1. Libido is a bit more complicated than ordinary sexual desire

Sometimes people have no desire, but physically they can have sex, and sometimes there is a lot of desire, but the body does not respond. Both situations happen constantly and are absolutely normal.

People often do not understand that libido consists of two parts: mental (desire) and physical (arousal). And they do not always work in tandem.

Logan Levkoff, sex consultant and sexual health educator

2. There is no such thing as a "normal" libido

Many believe that desire should arise spontaneously. But we are all different, all our bodies are different. Therefore, there is no concept of a normal level of sexual desire. It can be spontaneous, but often arises during stimulation. Moreover, sometimes it takes significant effort to achieve the right mindset.

3. Trying to maintain an "ideal" libido can harm self-esteem

This point logically follows from the previous one. Since there is no concept of a norm for libido, high or low sexual desire or its absence are equally normal. People who are worried about the mismatch between their desire level and a mythical ideal face self-esteem and sex problems.

4. If your partner's libido is lower than yours, it doesn't mean they don't want you

It is easy to fall into the toxic thought that whenever you feel like it and your partner does not, it indicates their cooling off. In reality, a person may simply have a lower level of libido. This has nothing to do with your attractiveness. It’s better to accept this fact; otherwise, relationships in bed will become complicated and confusing.

5. Libido can change for medical reasons

Anything related to circulation, hormones, physical pain, or discomfort can affect libido levels. Among medical reasons are medications (antidepressants, contraceptive pills), psychological and chronic conditions, such as diabetes or polycystic ovary syndrome.

If you notice a sudden change in libido, it is a serious reason to see a doctor.

6. Everyday factors can also affect libido

According to Raquel Dardik, there are many studies that prove that a wide variety of factors can influence the level of sexual desire. The most common one is stress.

The higher the level of stress in women, the lower their libido. It can also change due to work schedule or food preferences.

Raquel Dardik, gynecologist at NYU Langone Health

If the desire suddenly disappeared, this is a good reason to analyze what changes in your life have happened recently.

7. Libido can change with age

The body and brain change as one grows up, so libido also does not stand still. For example, Dardik notes that during menopause, women experience changes in vaginal tissue, so sex can become painful. This is a simple reason for decreased desire.

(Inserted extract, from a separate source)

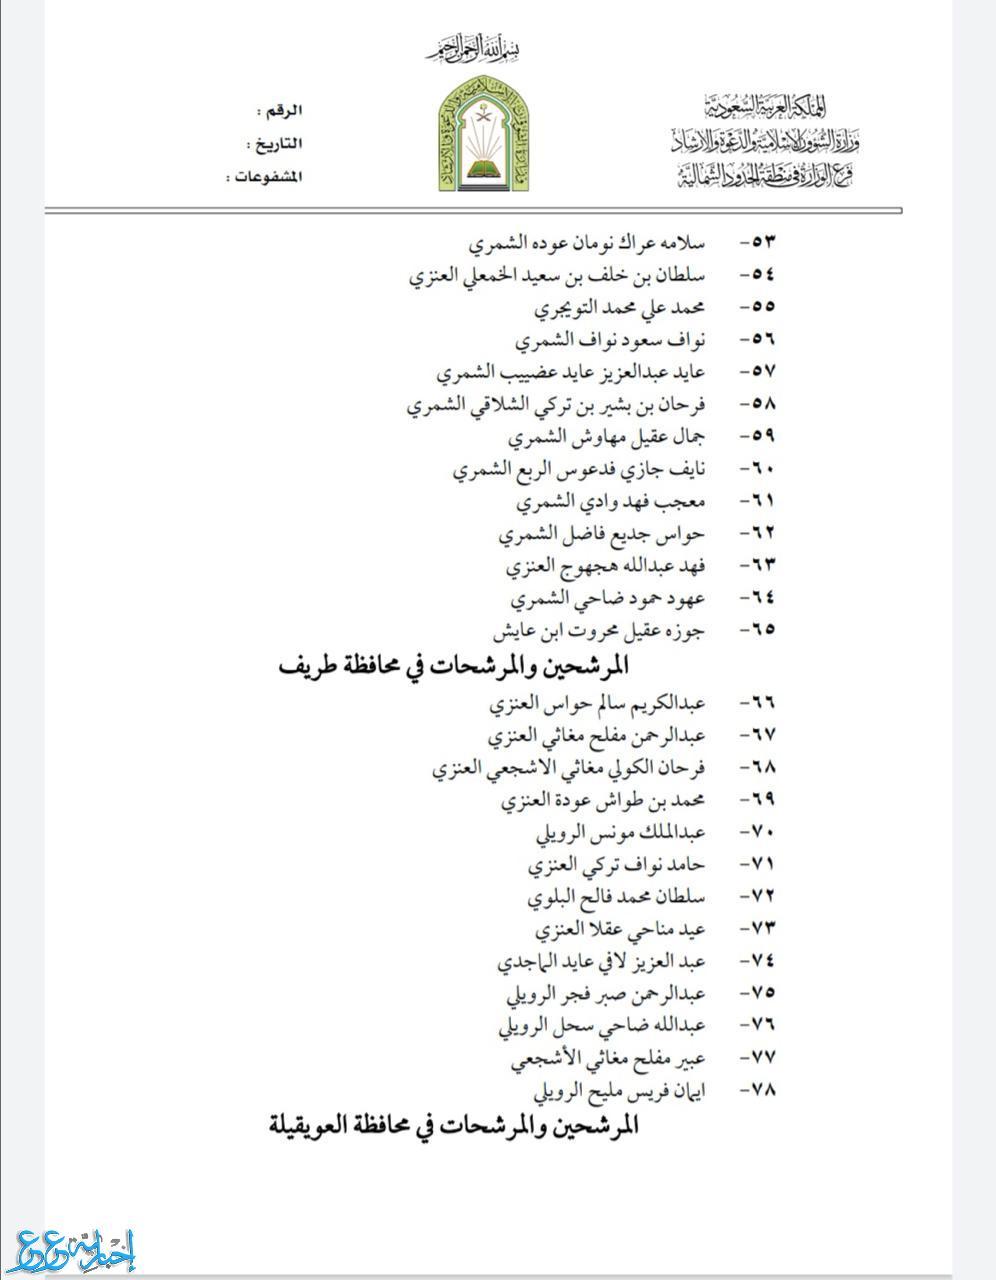 فرع وزارة الشؤون الإسلامية بمنطقة الحدود الشمالية يعلن أسماء المرشحين للوظائف في عرعر وبقية المحافظات إخبارية عرعر

8. Libido is not related to gender stereotypes

There are many destructive stereotypes about sex and gender. For example, that men always want sex, while women do not. Or that if a woman has a high libido, it is abnormal; she should be ashamed.

In reality, things are not like that. The level of desire is not related to gender. But people under the influence of stereotypes may start to think that something is wrong with them.

9. Libido does not equal orgasm

Sexual desire is not a guarantee of orgasm, notes Levkoff. It is quite possible that in the middle of the process, a person gets distracted or experiences discomfort, and then the path to the finish can become too long. If it is not blocked at all.

Moreover, it is quite possible to have sex with orgasm even if it started without much desire.

10. Libido is not related to negative sexual experiences

If you have had a negative or inappropriate sexual experience, it does not say anything about your libido. That is why it is so important to know what you like and do not like. Then you will be able to find out what you want with a specific partner.

If you have low libido and not the best sexual experience with a partner, all this is unlikely to help you want it more. Conversely, amazing sexual moments experienced with a person can ignite you, even if you were initially not in the mood.

Logan Levkoff

11. If you want to increase libido, first understand why

Sometimes the desire to increase libido is related to a partner's higher needs, and sometimes it is related to personal experiences. The reasons are different, so they need to be addressed differently.

I recommend people to consult a therapist or sex consultant to address libido-related issues. Most often, they are in the head.

Raquel Dardik

12. You can notice changes in libido if you know your characteristics and desires

To determine the standard level of libido, you need to know your sexual desires well. How often do you get aroused? How often do you masturbate? Only by having this information can you notice some changes and seek help if necessary.